Bay Area Icarus Hosts Ethan Watters For a Discussion About the DSM Gone Global

 

Ethan Watters Icarus Flyer 

               Last week in San Francisco, local author Ethan Watters spoke to a packed room of Icaristas and friends at the California Institute of Integral Studies about his most recent book: Crazy Like Us: The Globalization of the American Psyche. Ethan's book has been a really successful mainstream critique of the Biopsychiatric model and it was a pleasure having him step into the cultural underground of the Icarus Project for the evening to share ideas. It was a lively discussion which you can listen to here (you might have to download Quicktime 7 if it doesn't work -- sorry for the technical difficulties!)

  The event was the second in our speaker series, the first being a discussion in October with Robert Whittaker about his book Anatomy of An Epidemic. Bay Area Icarus is rockin these days with weekly meetings and the organizers group CARIOC (California Icarus Regional Organizing Collective) an anti-oppression training this past Saturday, periodic screenings and community discussions of Crooked Beauty and an upcoming retreat to strategize about the coming year.

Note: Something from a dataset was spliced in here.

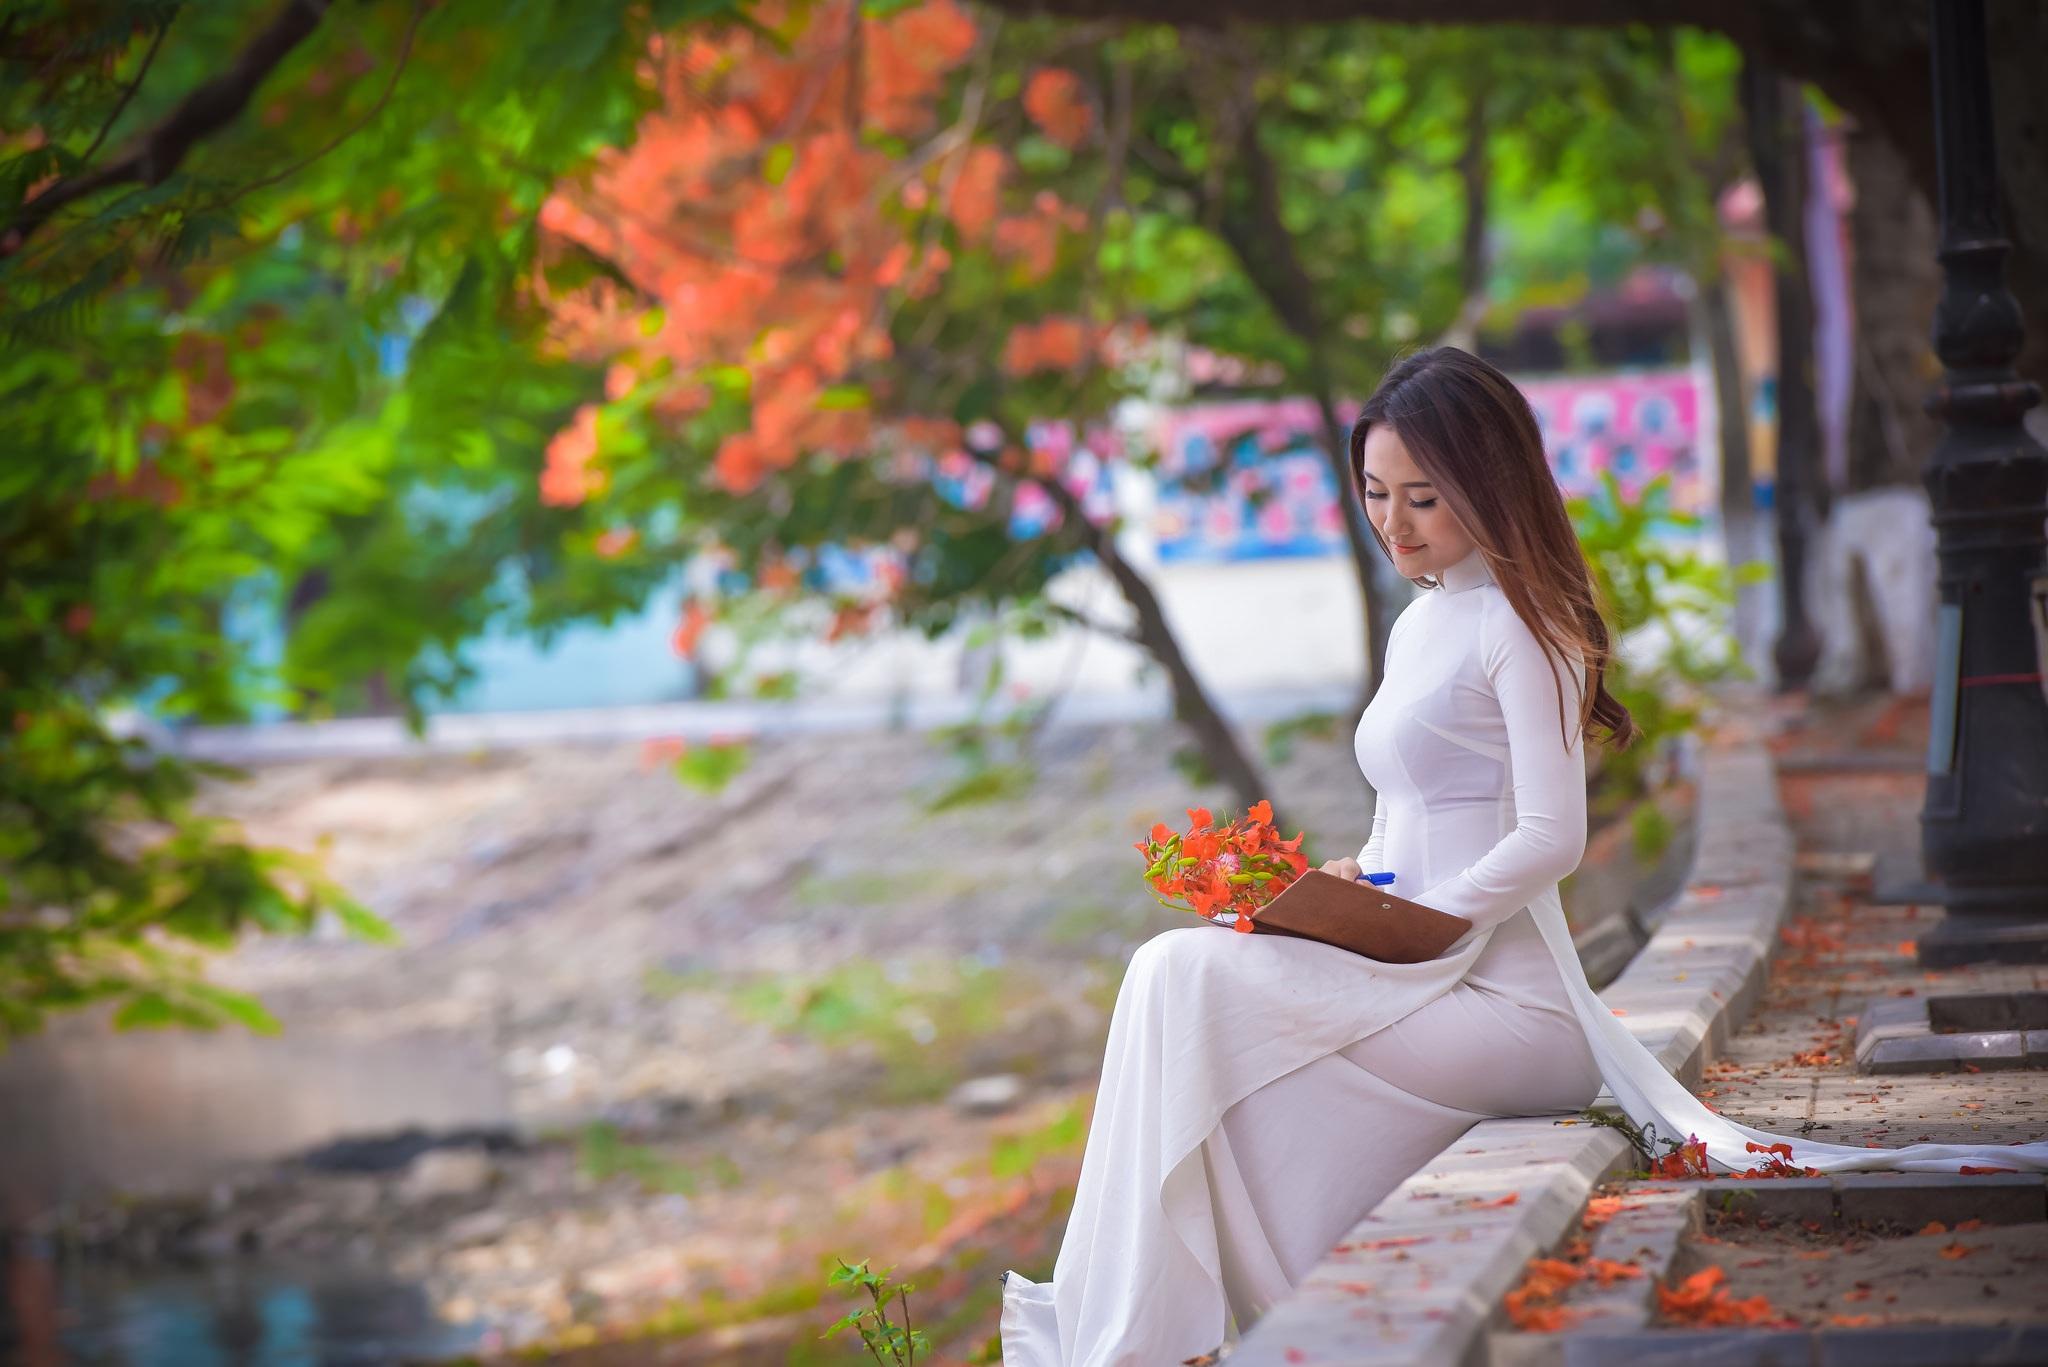 """Thiếu nữ Hà thành mơ màng bên hoa phượng """"rực cháy"""" - 3"""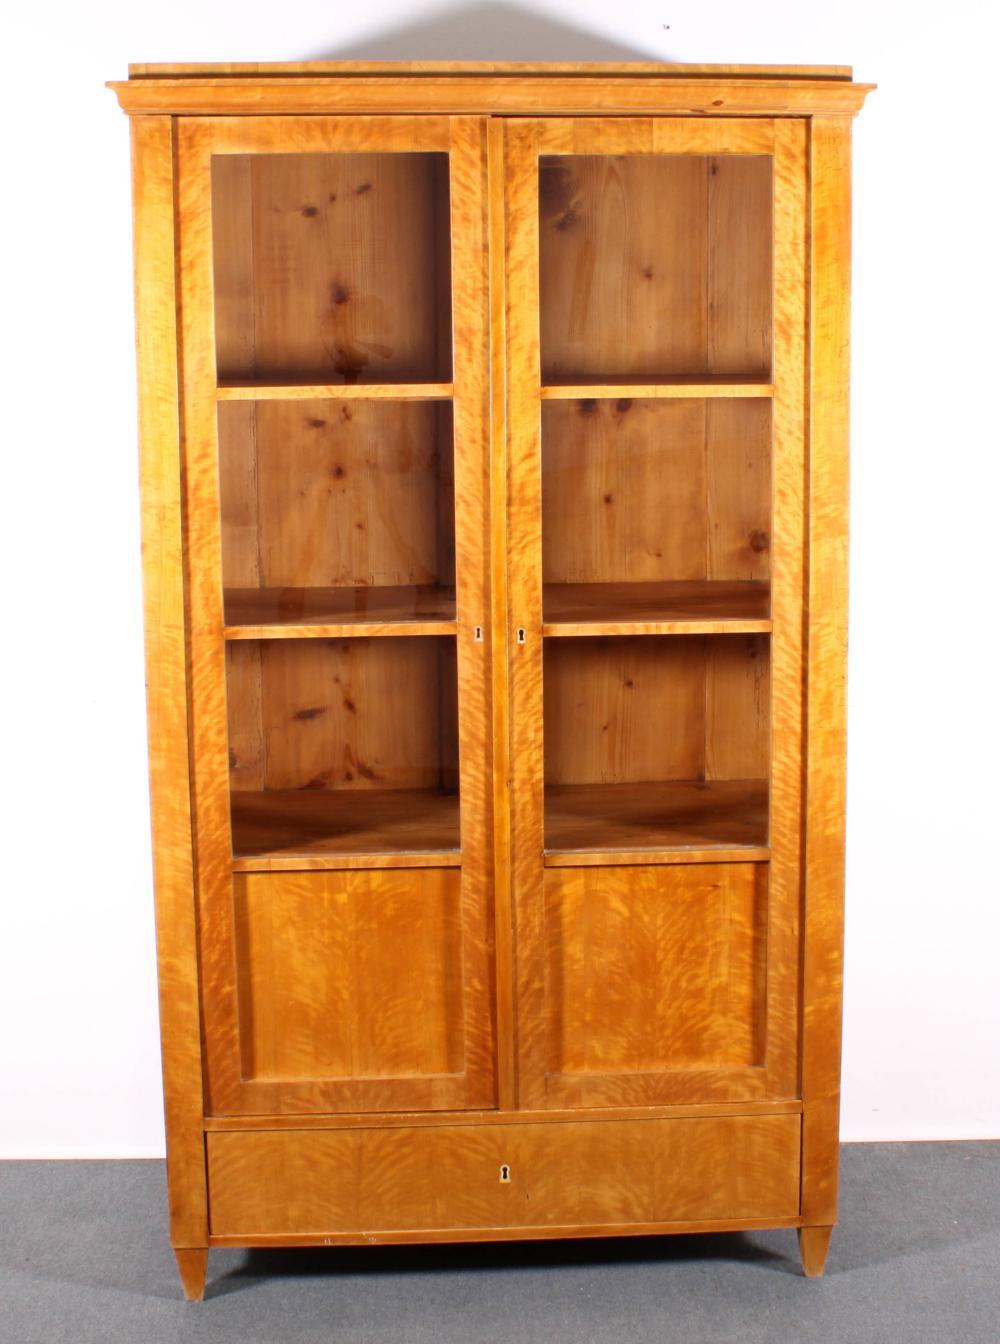 Vitrine/Bücherschrank, Biedermeier, um 1825, Birke geflammt furniert auf Weichholz, zweitüriger Korpus auf konischen Füßen, Sockelschub, darüber zwei Türen mit je drei verglasten Fenstern, leicht vorkragende Giebelleiste, innen drei Einlegeböden, 17

Below are some of my favorite quotes from the New York Times article based on Crazy Like Us that was published earlier this year. I highly recommend checking out this book -- it feels like an important one for our movement.

Sascha

For more than a generation now, we in the West have aggressively spread our modern knowledge of mental illness around the world. We have done this in the name of science, believing that our approaches reveal the biological basis of psychic suffering and dispel prescientific myths and harmful stigma. There is now good evidence to suggest that in the process of teaching the rest of the world to think like us, we’ve been exporting our Western “symptom repertoire” as well. That is, we’ve been changing not only the treatments but also the expression of mental illness in other cultures. Indeed, a handful of mental-health disorders — depression, post-traumatic stress disorder and anorexia among them — now appear to be spreading across cultures with the speed of contagious diseases. These symptom clusters are becoming the lingua franca of human suffering, replacing indigenous forms of mental illness....
 --------------
The problem is that our biomedical advances are hard to separate from our particular cultural beliefs. It is difficult to distinguish, for example, the biomedical conception of schizophrenia — the idea that the disease exists within the biochemistry of the brain — from the more inchoate Western assumption that the self resides there as well. “Mental illness is feared and has such a stigma because it represents a reversal of what Western humans . . . have come to value as the essence of human nature,” McGruder concludes. “Because our culture so highly values . . . an illusion of self-control and control of circumstance, we become abject when contemplating mentation that seems more changeable, less restrained and less controllable, more open to outside influence, than we imagine our own to be.”...
----------

Behind the promotion of Western ideas of mental health and healing lie a variety of cultural assumptions about human nature. Westerners share, for instance, evolving beliefs about what type of life event is likely to make one psychologically traumatized, and we agree that venting emotions by talking is more healthy than stoic silence. We’ve come to agree that the human mind is rather fragile and that it is best to consider many emotional experiences and mental states as illnesses that require professional intervention. (The National Institute of Mental Health reports that a quarter of Americans have diagnosable mental illnesses each year.) The ideas we export often have at their heart a particularly American brand of hyperintrospection — a penchant for “psychologizing” daily existence. These ideas remain deeply influenced by the Cartesian split between the mind and the body, the Freudian duality between the conscious and unconscious, as well as the many self-help philosophies and schools of therapy that have encouraged Americans to separate the health of the individual from the health of the group. These Western ideas of the mind are proving as seductive to the rest of the world as fast food and rap music, and we are spreading them with speed and vigor.
--------------

If our rising need for mental-health services does indeed spring from a breakdown of meaning, our insistence that the rest of the world think like us may be all the more problematic. Offering the latest Western mental-health theories, treatments and categories in an attempt to ameliorate the psychological stress sparked by modernization and globalization is not a solution; it may be part of the problem. When we undermine local conceptions of the self and modes of healing, we may be speeding along the disorienting changes that are at the very heart of much of the world’s mental distress.